* [TASK PROMPT]: Look below for the line with "Cub Cadet 1333". Retype it and every line after it to the end, exactly, but leave out the pictures.

* [PROVIDED MATERIAL]:

--- START ---

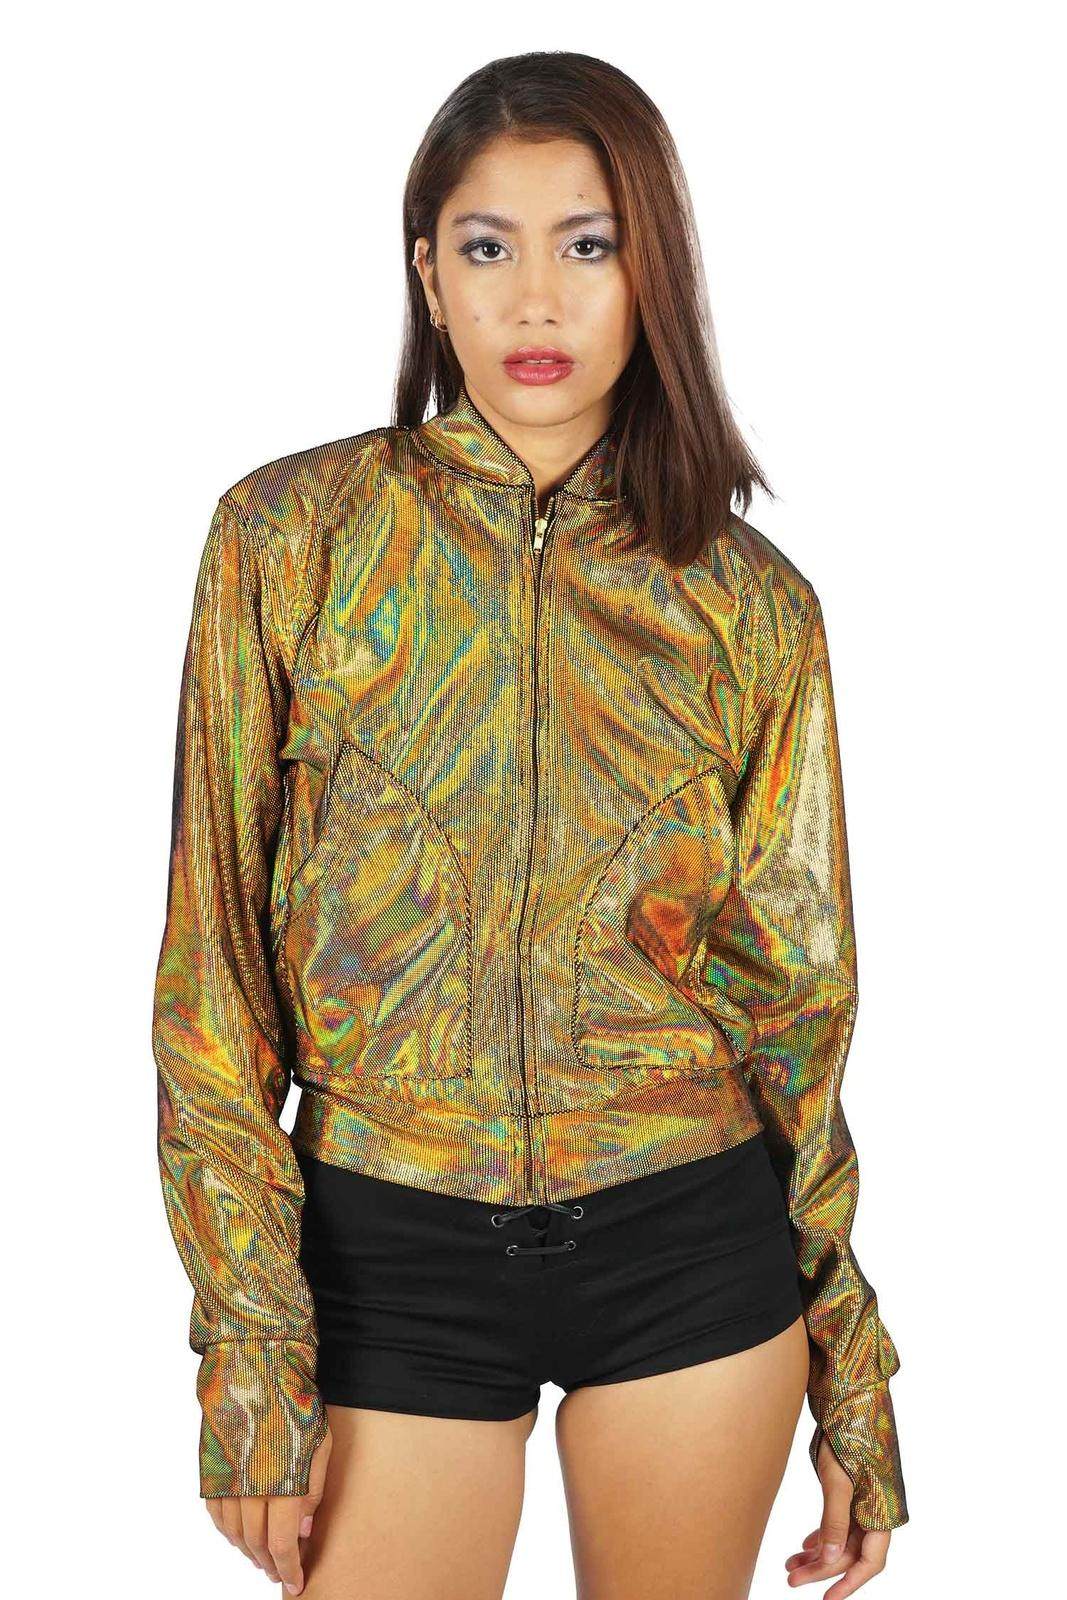 womens gold bomber jacket from Love Khaos
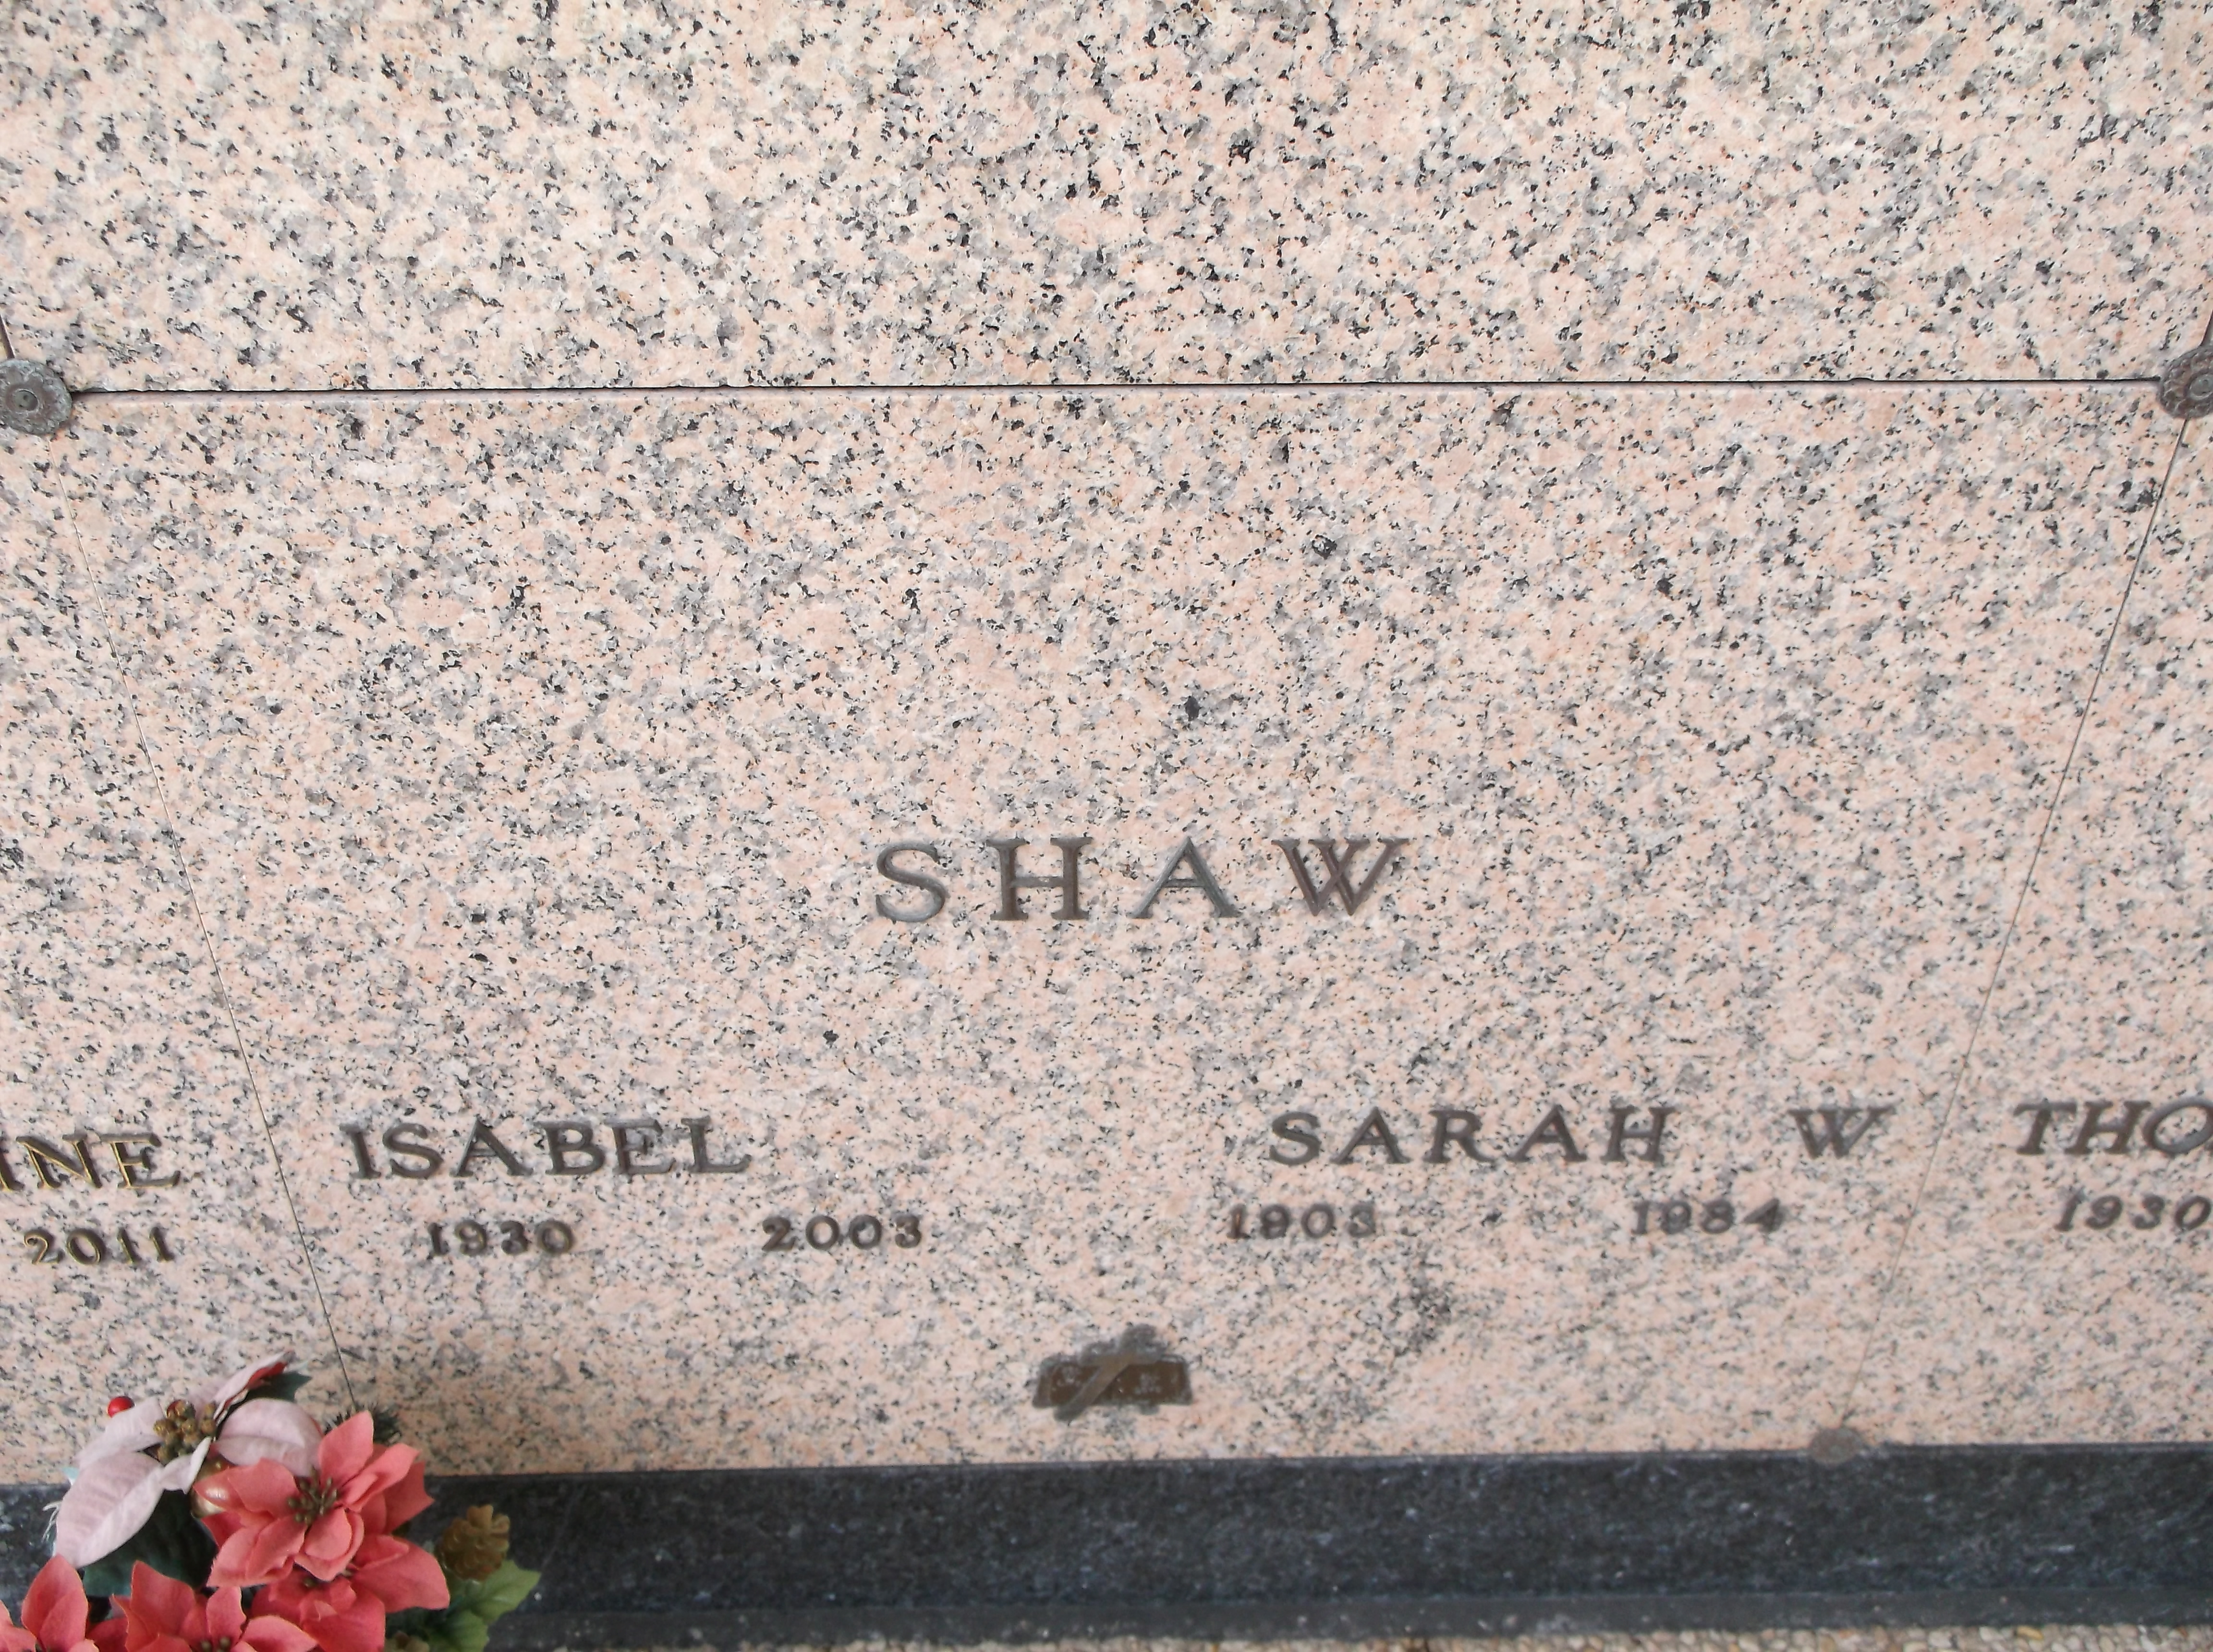 Sarah W Shaw
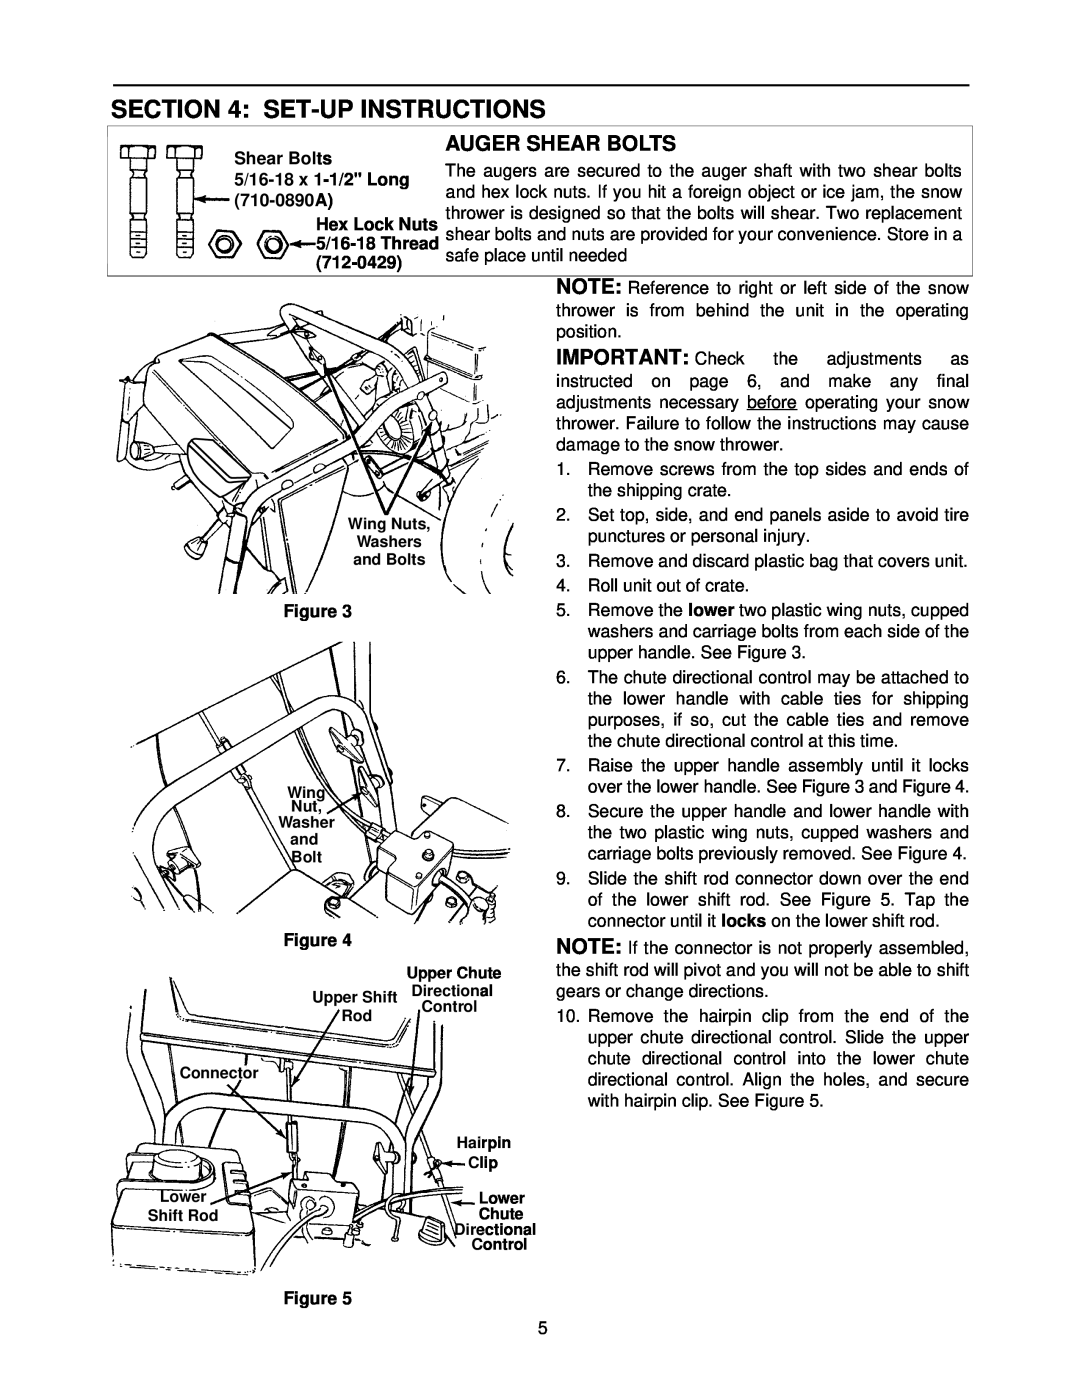 Cub Cadet 1333 SWE manual Set-Up Instructions, Auger Shear Bolts, 5/16-18 x 1-1/2 Long, 710-0890A, Hex Lock Nuts, 712-0429 
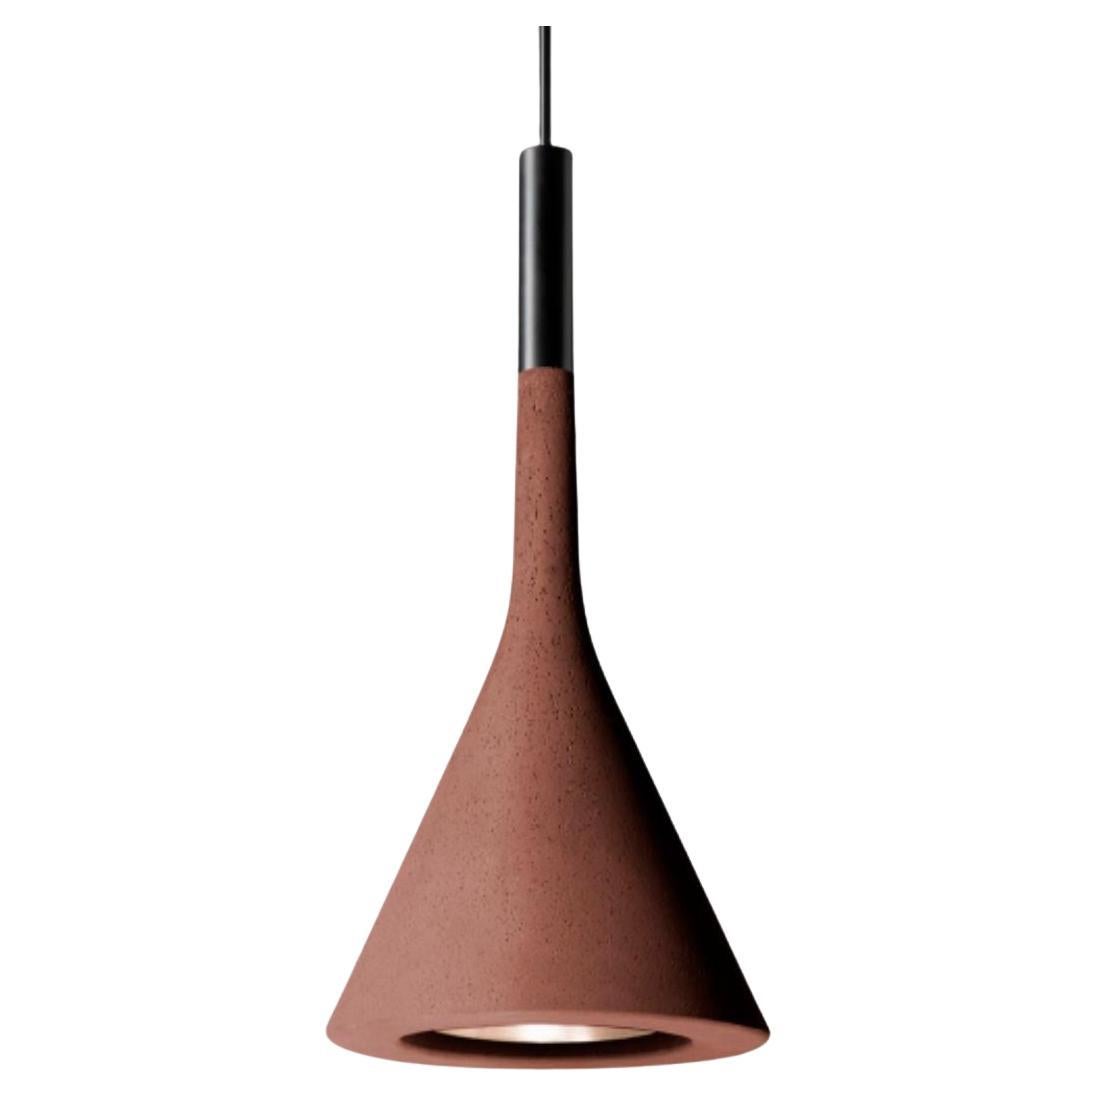 Lucidi & Pevere ‘Aplomb’ Concrete Pendant Lamp in Brick Red for Foscarini

--- END ---

* [EXERCISE OUTPUT]:
 Cub Cadet 1333 SWE manual Set-Up Instructions, Auger Shear Bolts, 5/16-18 x 1-1/2 Long, 710-0890A, Hex Lock Nuts, 712-0429 
 Lucidi & Pevere ‘Aplomb’ Concrete Pendant Lamp in Brick Red for Foscarini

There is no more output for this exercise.